Gold-colored touchless restroom sink fixture

As Americans prepare to return to public life in the age of COVID-19, the vast majority are looking for touchless hand washing fixtures in washrooms, according to the findings of a Bradley Corporation survey released on Monday.

Bradley Corporation’s latest Healthy Hand Washing Survey finds that 91 percent of Americans believe it’s extremely or somewhat important that public restrooms are equipped with touchless fixtures. Conducted April 6 to April 7, the survey examines the impacts of the coronavirus on consumers’ hand hygiene behaviors and preferences, particularly in public restrooms.

Sixty percent of survey respondents say their preference for touchless hand washing fixtures has risen a great deal since the COVID-19 pandemic and another 30 percent say their preference has increased somewhat, in their elevated efforts to avoid coming into contact with high-touch washroom surfaces.

Another insight is the fact that Americans have reordered their priorities as to how facilities should improve their restrooms.

“Making everything touchless is now the most-requested improvement,” says Jon Dommisse, director of strategy and corporate development for Bradley Corp, in a press statement from the company. “Just months ago in December 2019, the most desired upgrade was keeping restrooms cleaner and better stocked. In both cases, it’s clear that Americans have grown more adverse to germ hot-spots in restrooms.”

Germ concerns give new urgency to hand washing

Dommisse says that 70 percent of Americans are extremely or very concerned about contracting coronavirus, particularly Millennials and Baby Boomers. Retail stores give Americans the most trepidation about coming into contact with germs, followed by hospitals, health care facilities, restaurants and workplaces.

Speaking of workplaces, the survey also found that most Americans (72 percent) are working from home during the outbreak, particularly in the northeast United States. Just 24 percent say they are working outside the home.
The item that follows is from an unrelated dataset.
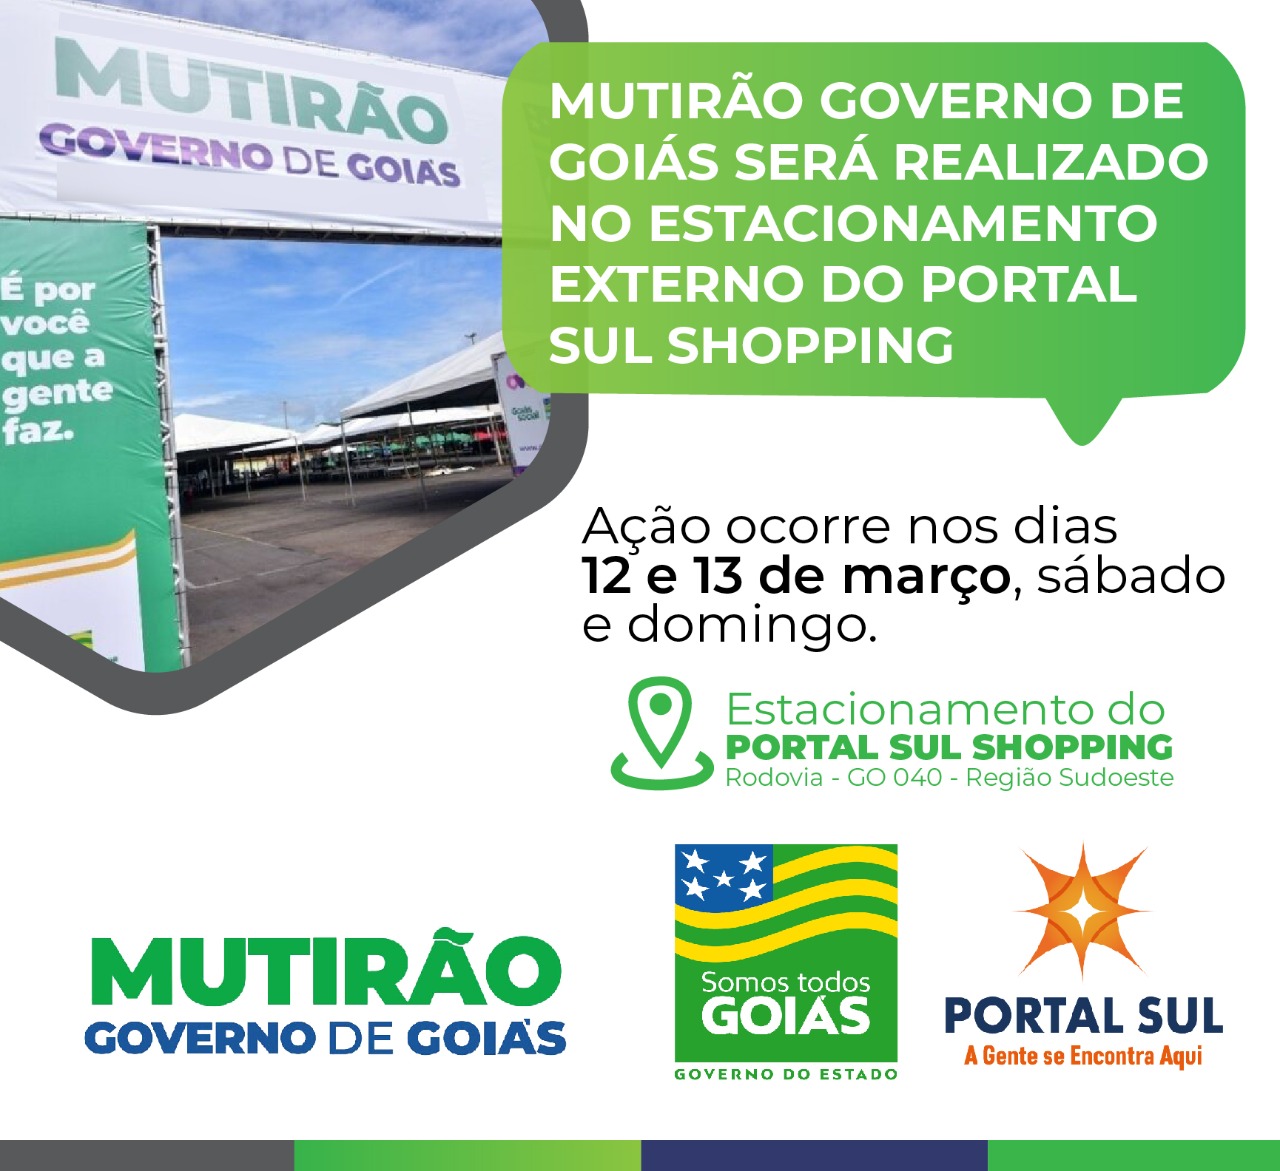 Mutirão Governo de Goiás

In the wake of coronavirus, the Healthy Hand Washing Survey shows how Americans have altered their hand washing habits:

- The majority (90 percent) wash their hands more frequently or more thoroughly or longer.

- More than three-quarters are washing their hands six or more times a day - 37 percent washed up that often prior to the outbreak.Out of all age groups, Gen Xers are the most likely to wash their hands that frequently

- More than three-quarters are washing their hands for at least 20 seconds.

“Undoubtedly, the COVID-19 outbreak has had a dramatic effect on Americans’ hand washing behavior – and it appears those shifts will stick around for a while,” says Dommisse. “In fact, 88 percent believe they are extremely or somewhat likely to maintain their increased hand washing regimen once the virus has passed.”